The witness Pierce testifying as to the bullet holes in the car detailed the facts; as that the hole on the inside of the car was smaller than the hole on the outside and was more jagged on the outside. In this there was no error. Roan v. State, 225 Ala. 428, 143 So. 454; Clemons v. State, 167 Ala. 20, 52 So. 467. There was no error in allowing that witness to further testify that he placed a pencil in the bullet hole to see the direction it entered the car and that the range of the bullet seemed going on the level of the corner, according to the way the hole was through the car.

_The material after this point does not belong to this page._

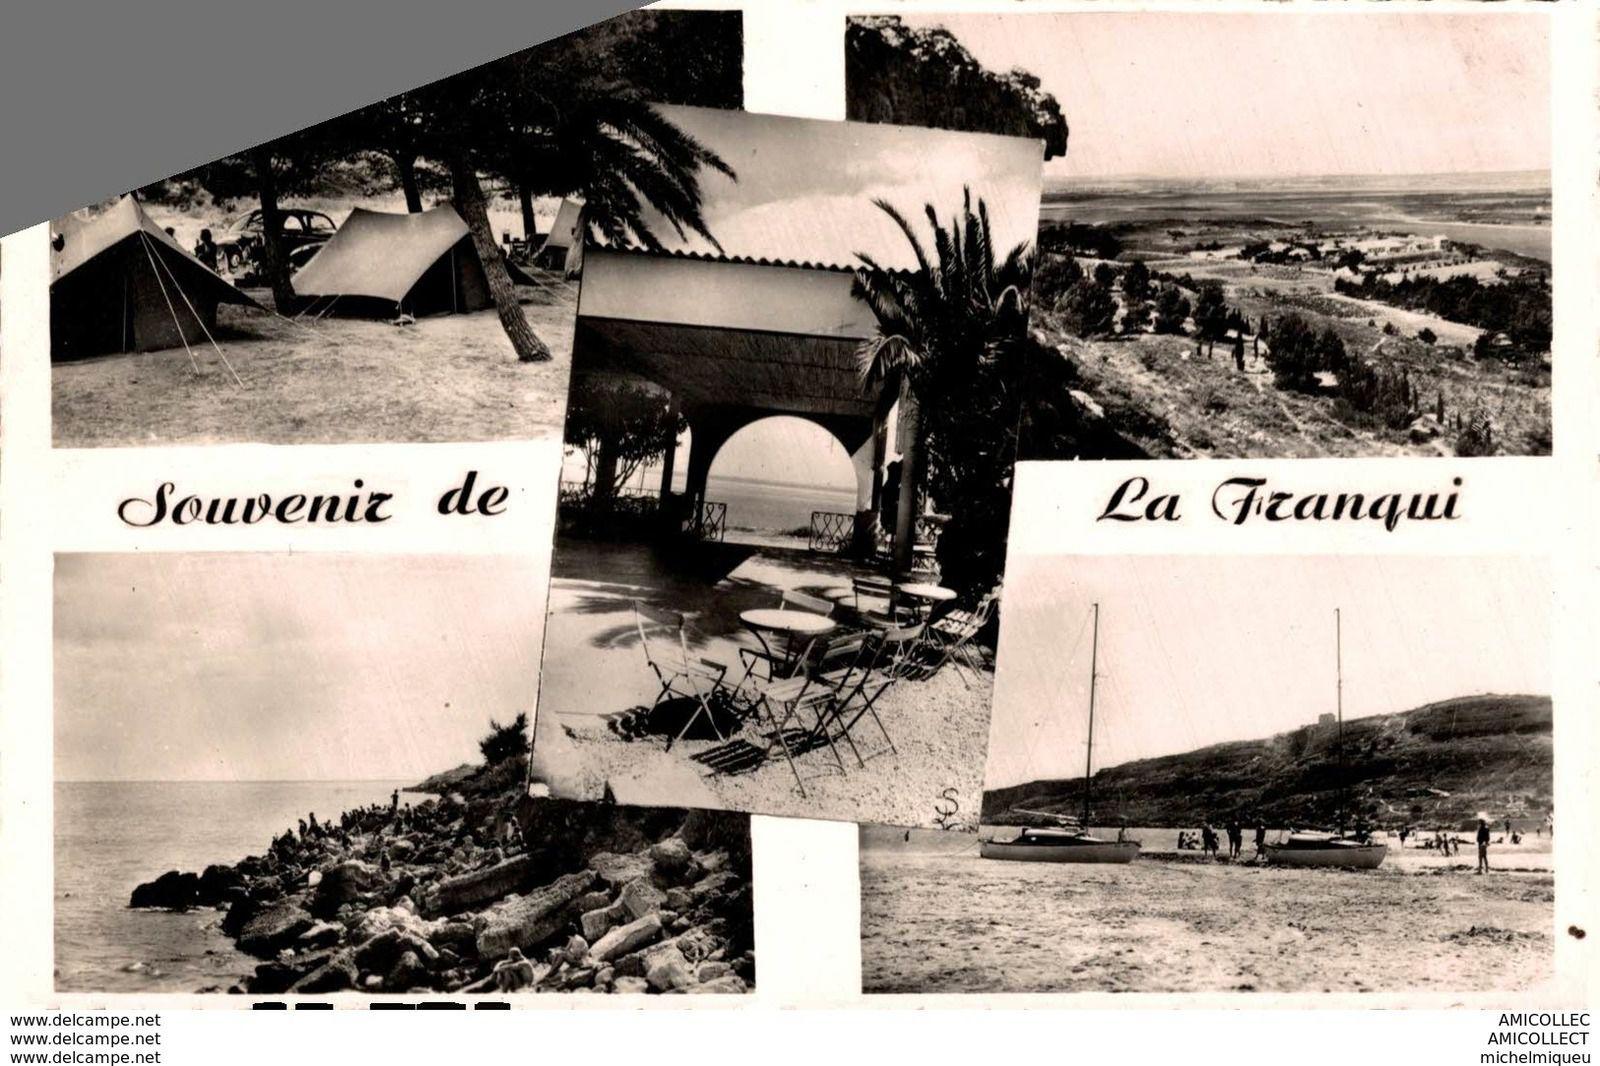 La Franqui. Leucate. Station balnéaire.

There was no error in allowing the undertaker and the physician who examined the body to testify as to the manner *424 and result of such examination, the nature and condition of the wounds, and the range of the bullet in the body. In the foregoing rulings, the action of the trial court was within the rule that obtains and which was recently applied in Alabama Power Company v. Jackson, Adm’x (Ala.Sup.) 166 So. 692, 1 and Rowe v. Alabama Power Company (Ala.Sup.) 167 So. 324. 2 It is established that in homicide cases a description of the locus in quo is relevant as tending to prove the circumstances of the homicide. Reynolds v. State, 24 Ala.App. 249, 134 So. 815, certiorari denied 223 Ala. 130, 134 So. 817.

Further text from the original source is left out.